** COLLECTED DATA follows **

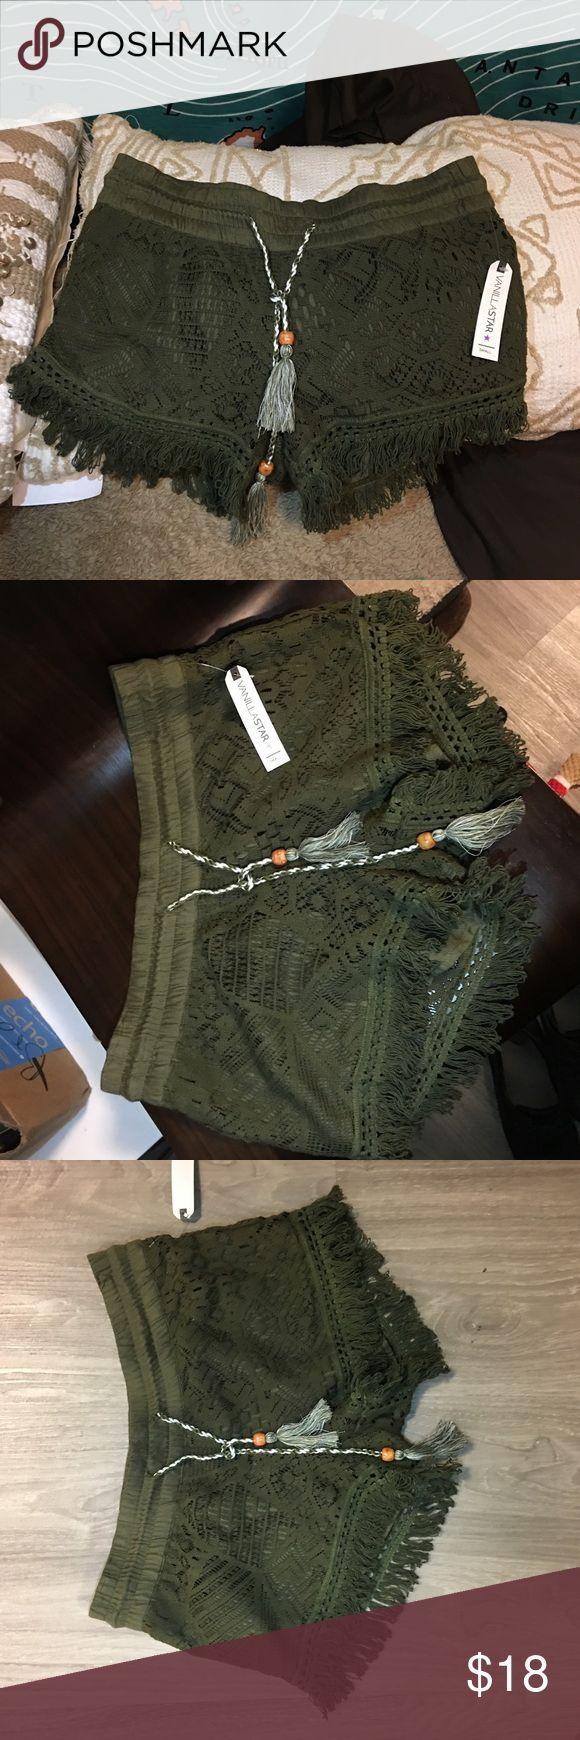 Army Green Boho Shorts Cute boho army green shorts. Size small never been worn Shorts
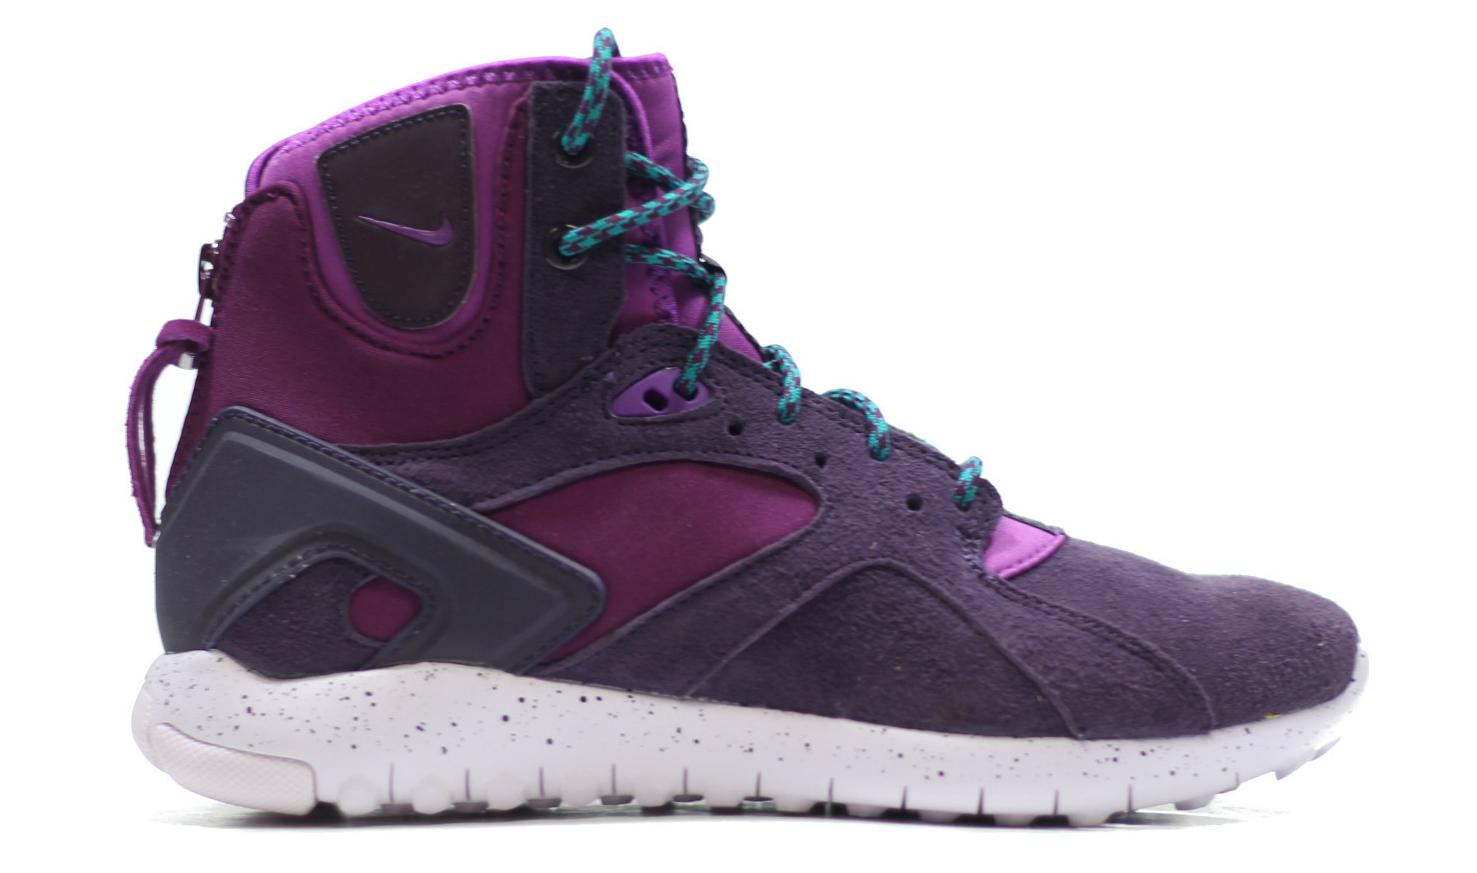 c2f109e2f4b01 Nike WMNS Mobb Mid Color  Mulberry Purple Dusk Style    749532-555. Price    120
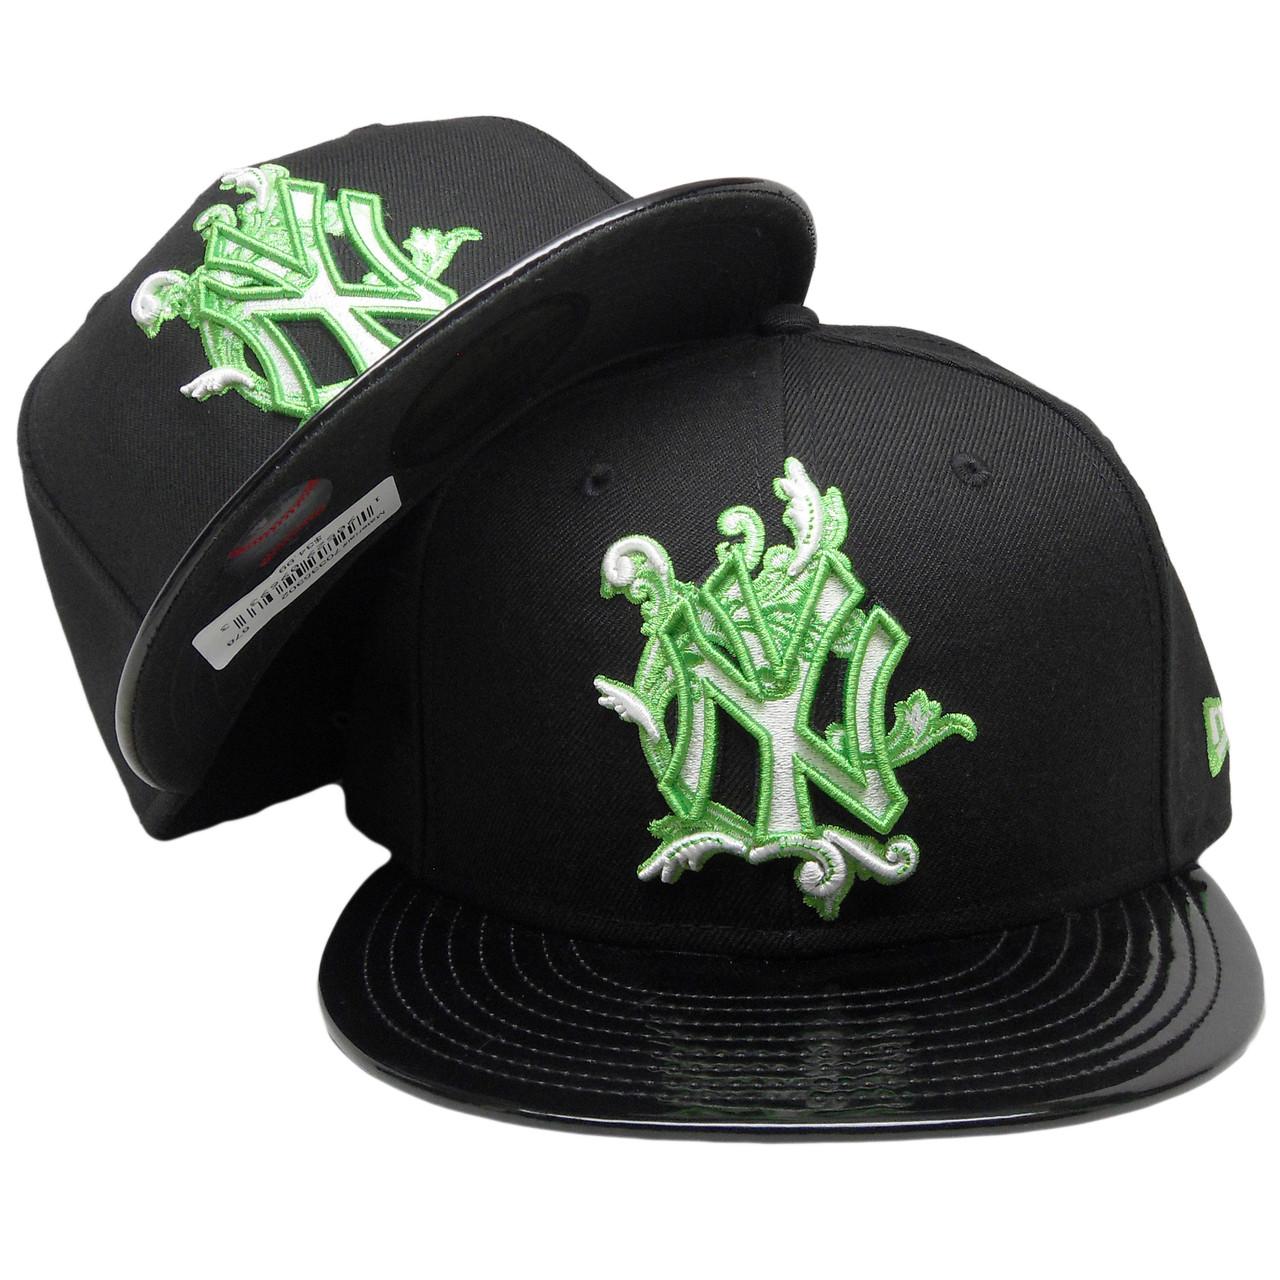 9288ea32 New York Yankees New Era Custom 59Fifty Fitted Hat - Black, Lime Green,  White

** End of COLLECTED DATA **

> **PROBLEM DETAILS**
Without any pictures, return the material above exactly.

> **TASK SOLUTION**
 Army Green Boho Shorts Cute boho army green shorts. Size small never been worn Shorts
 c2f109e2f4b01 Nike WMNS Mobb Mid Color  Mulberry Purple Dusk Style    749532-555. Price    120
 9288ea32 New York Yankees New Era Custom 59Fifty Fitted Hat - Black, Lime Green,  White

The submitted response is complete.